Advanced Techniques¶

Cost curves: Visualize expected cost vs threshold
Utility theory: Formal decision-making under uncertainty
Multi-threshold classification: Different thresholds for different scenarios
Dynamic thresholds: Thresholds that adapt based on input features

Performance Considerations¶

Computational cost: Threshold tuning is fast (no retraining needed)
Robustness: Thresholds can be sensitive to probability calibration
Interpretability: Thresholds provide clear decision rules
Model agnostic: Works with any probabilistic classifier

Best Practices¶

Always use cross-validation for threshold selection
Consider the full cost-benefit analysis
Validate threshold performance on held-out data
Document threshold choices and their rationale
Monitor threshold performance in production

Self-Check Questions¶

What is the difference between predict_proba() and predict() in scikit-learn?
Why might you want to adjust the decision threshold from the default 0.5?
How do precision and recall change as you increase the decision threshold?
What is cost-sensitive classification and when should you use it?

Try This Exercise¶

Threshold Optimization Challenge

Load the credit card fraud detection dataset (or simulate imbalanced data)
Train a classifier and compare default threshold performance
Implement threshold tuning to optimize for:
F1 score
Precision at 95%
Cost minimization (assign appropriate FP/FN costs)
Plot precision-recall curves and cost curves
Compare the performance improvements from threshold tuning
Analyze how class imbalance affects optimal thresholds

Expected Outcome: You'll understand how threshold selection can dramatically improve model performance for specific use cases and learn to balance competing objectives through cost-sensitive decision making.

Builder's Insight¶

Threshold tuning is where machine learning meets real-world decision-making. While algorithms optimize mathematical objectives, the final classification decision should align with business goals and human values.
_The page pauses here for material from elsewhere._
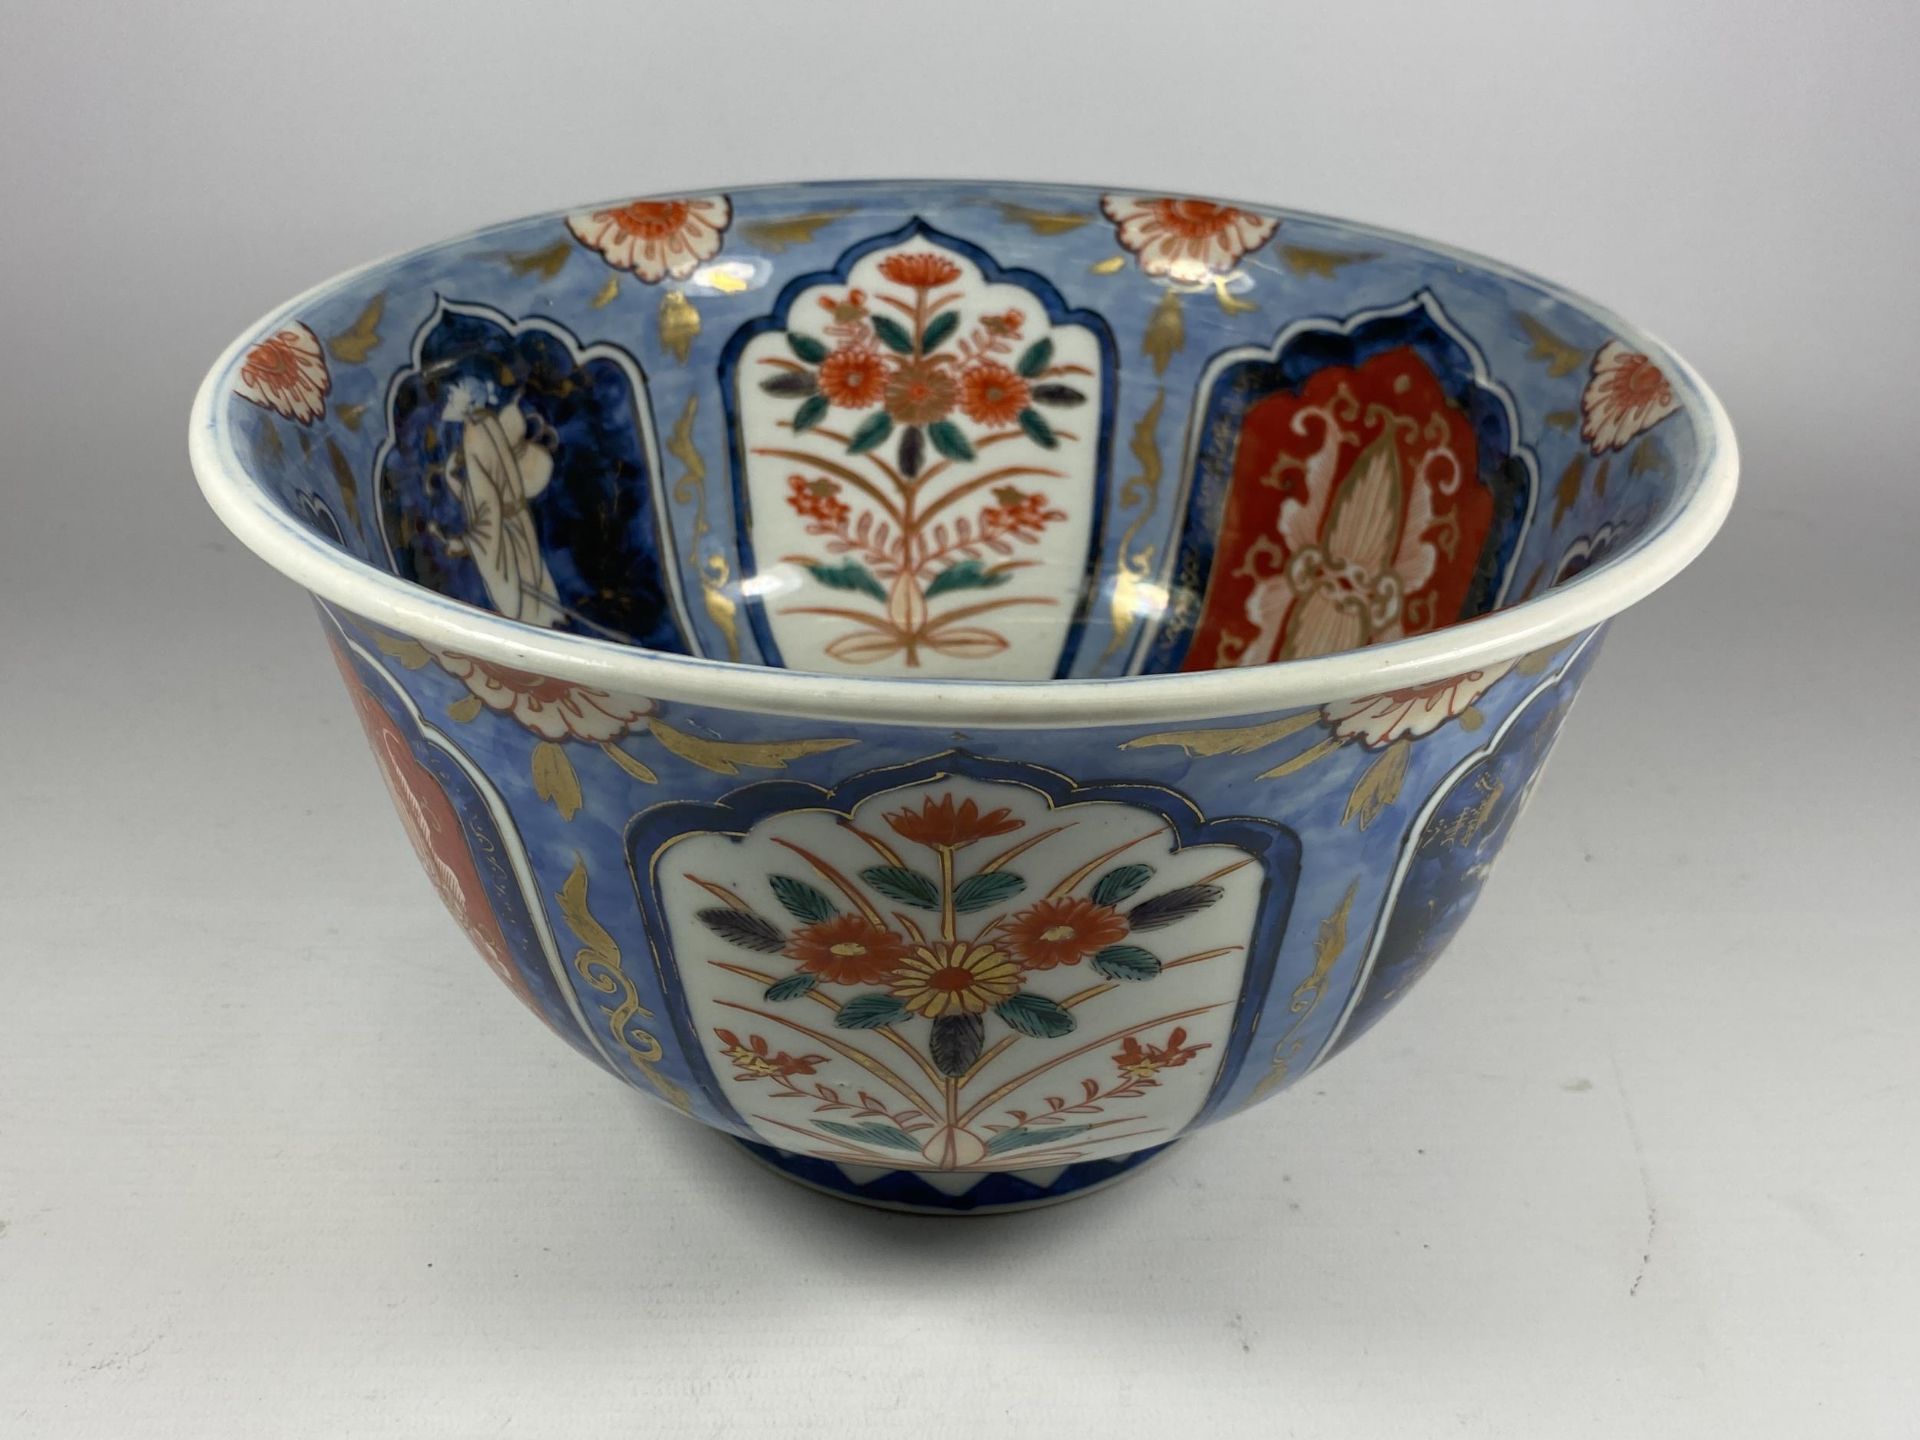 A LARGE JAPANESE MEIJI PERIOD (1868-1912) IMARI BOWL WITH SIX CHARACTER MARK TO BASE, DIAMETER 25.

The default 0.5 threshold is a mathematical convenience, not a business requirement. By thoughtfully choosing thresholds, you can create models that are not just accurate, but truly useful—catching the diseases that matter, detecting the fraud that costs money, or moderating content in ways that respect human dignity.

Remember that threshold selection is a design choice, not a technical optimization. It requires understanding your users, your costs, and your ethical responsibilities. The best models don't just predict—they help make better decisions.